4 - O papel da Universidade
5 - Mercado
A existência desse cinema pós-industrial significa que ele estará sempre separado do
mercado ou dos meios convencionais de distribuição e produção? De forma alguma;
toda a política de inserção dessas obras no mercado nacional e internacional não pode
ser deixada de lado. Pós-industrial não é pós-mercado. Trata-se de uma outra
engenharia de produção. Um filme que ganha o Festival de Brasília, como O Céu Sobre
os Ombros (foto), de Sérgio Borges, ou um filme que está no importante festival de
Rotterdam, ambos estão também no mercado. Mais do que isso: não ser industrial não
significa não ter possibilidades comercias, mesmo que no tradicional comércio das salas
de shopping.
É certo que muitos desses filmes não alcançam seus públicos por falta de uma política
que democratize o acesso às salas, uma briga histórica, importante e que continuará a
ser feita.

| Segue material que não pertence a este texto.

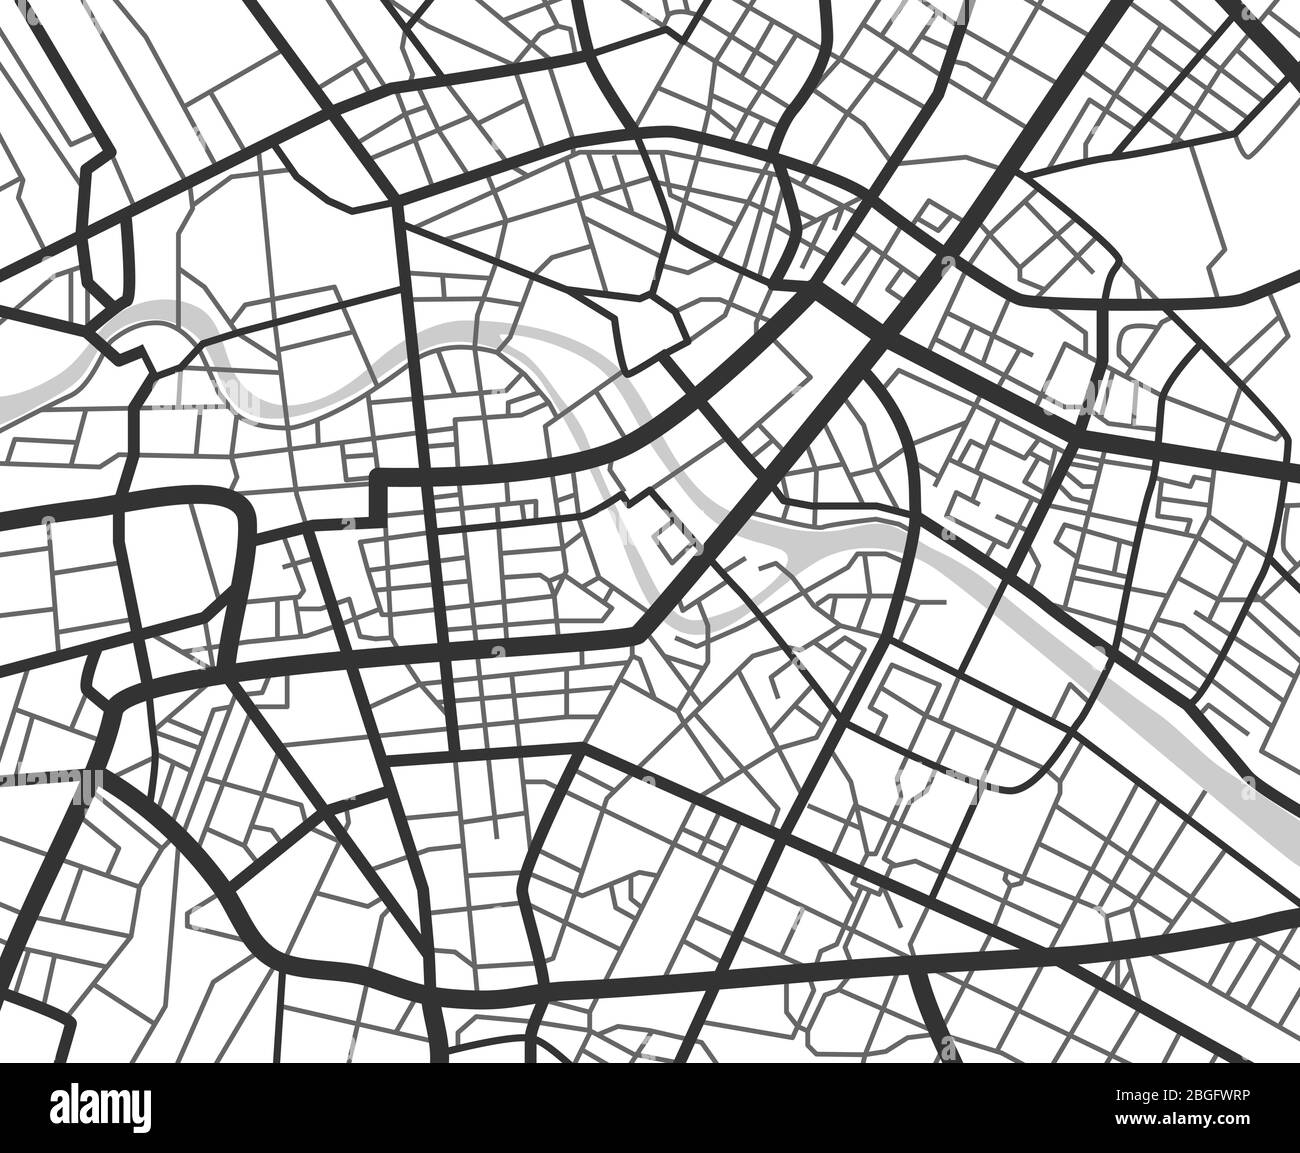 Mappa Astratta Di Navigazione Della Città Con Linee E Strade Schema Di

Trata-se de uma tensão no interior do mercado formal ao qual muitas dessas
obras podem e devem ser incorporadas. Entretanto, não são esses espaços tradicionais
que trarão valor e legitimidade para as obras. É evidente ainda que estamos diante da
"obsolescência da clivagem centro-periferia típica da era fordista" (Cocco, p.73). Assim
como, nesse cinema, Fortaleza, Recife, Rio de Janeiro, São Paulo, Porto Alegre e Belo
Horizonte são partes de um mesmo processo, é o próprio país que tem diante de si as
condições dadas para uma presença internacional em que o Brasil não se coloca mais
como mão de obra ou fornecedor de matéria-prima apenas, mas como potência da
multidão que se materializa nessas obras.
6 - A presença do estado
Muito mais do que apontar soluções, coisa que os cineastas e coletivos certamente
saberão fazer com mais propriedade, o que pretendemos aqui é assinalar a existência de
uma produção cinematográfica, que continuará a existir independente das ações estatais,
mas que pode ser potencializada com esforços que diferem daqueles tradicionalmente
coerentes com as práticas industrias. A preocupação principal com esses processos é
como potencializar o que existe sem que se ofereça mais do mesmo, como potencializar
uma produção que soube se inventar em meio a condições novas, longe da lógica
industrial. O papel do estado hoje é potencializar o descontrole.